BOLEHKAH KITA TURUN TANGAN SAAT ANAK DI-BULLY?

Perubahan sikap yang terjadi secara tiba-tiba patut dicurigai bahwa anak telah menjadi korban bully. Misalnya, anak menjadi pemurung, sebentar-sebentar mengeluh sakit, gelisah saat tidur, atau sering bermimpi buruk. Tanda lain adalah jika anak yang tadinya rajin ke sekolah menjadi ogah-ogahan dengan berbagai alasan tak jelas.

Mengajarkan anak untuk membalas perlakuan temannya, bukanlah penyelesaian masalah yang baik.

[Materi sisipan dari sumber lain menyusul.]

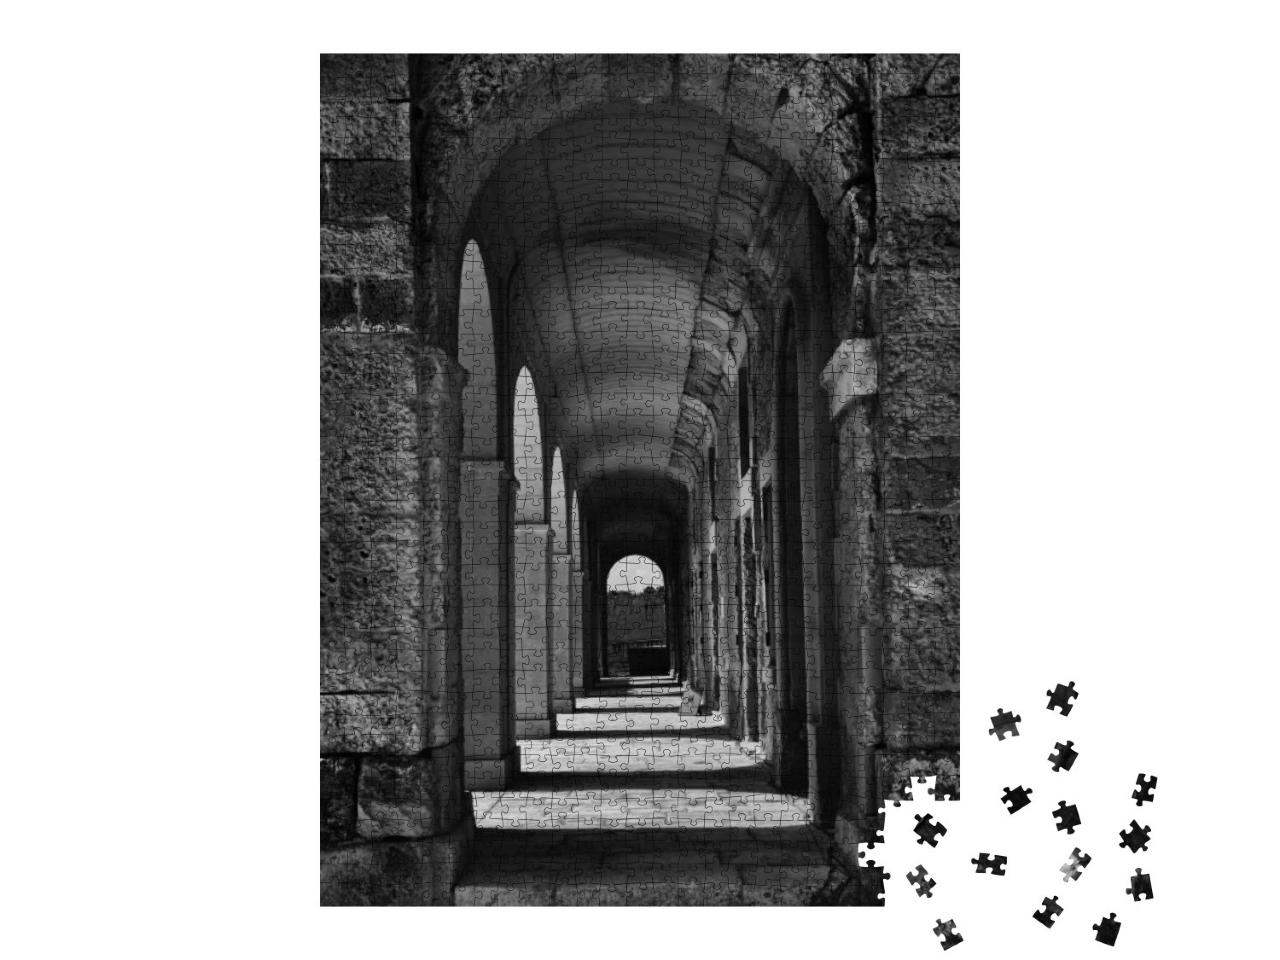 Puzzle 1000 Teile „Steinkorridor mit Säulen, Fort Manoel, Malta “

Justru ajaran seperti ini malah bisa membentuk anak untuk menjadi pelaku bully berikutnya.

Menurut Pustika Rucita, B.A., M.Psi, psikolog klinis dari Personal Growth, cara terbaik adalah mencari mediator, misalnya pihak sekolah, untuk menemani Anda bertemu dengan pelaku bully sekaligus orangtuanya. Kehadiran mediator dapat membantu Anda dalam mencari solusi terbaik untuk semua pihak, dan mencegah Anda meluapkan emosi dengan cara yang berlebihan.

Tapi, jangan ragu untuk ikut bertindak apabila bullying yang dialami anak sudah masuk tahap yang membahayakan. Misal, anak mengalami kekerasan fisik yang menimbulkan bekas luka. Segera minta bantuan pihak sekolah (jika bullying terjadi di sekolah) untuk membantu kordinasi dan mediasi dengan pelaku bully dan orang tuanya. Jika memang diperlukan, Anda juga boleh melaporkan kasus bullying pada pihak yang berwajib.

Pustika menegaskan bahwa tak ada salahnya membawa korban bully berkonsultasi kepada psikolog, terutama jika Anda merasa kasus bullying membawa dampak negatif yang berkepanjangan, seperti mengalami masalah emosional dan perilaku, anak tak lagi merasa aman di sekolah, merasa terisolasi, rendah diri, stres, dan mengalami kemunduran dalam hal prestasi. Bantuan sedini mungkin juga dapat membantu anak untuk lebih cepat merasa positif dengan dirinya sendiri, dan tidak membuatnya larut dalam permasalahan yang sama.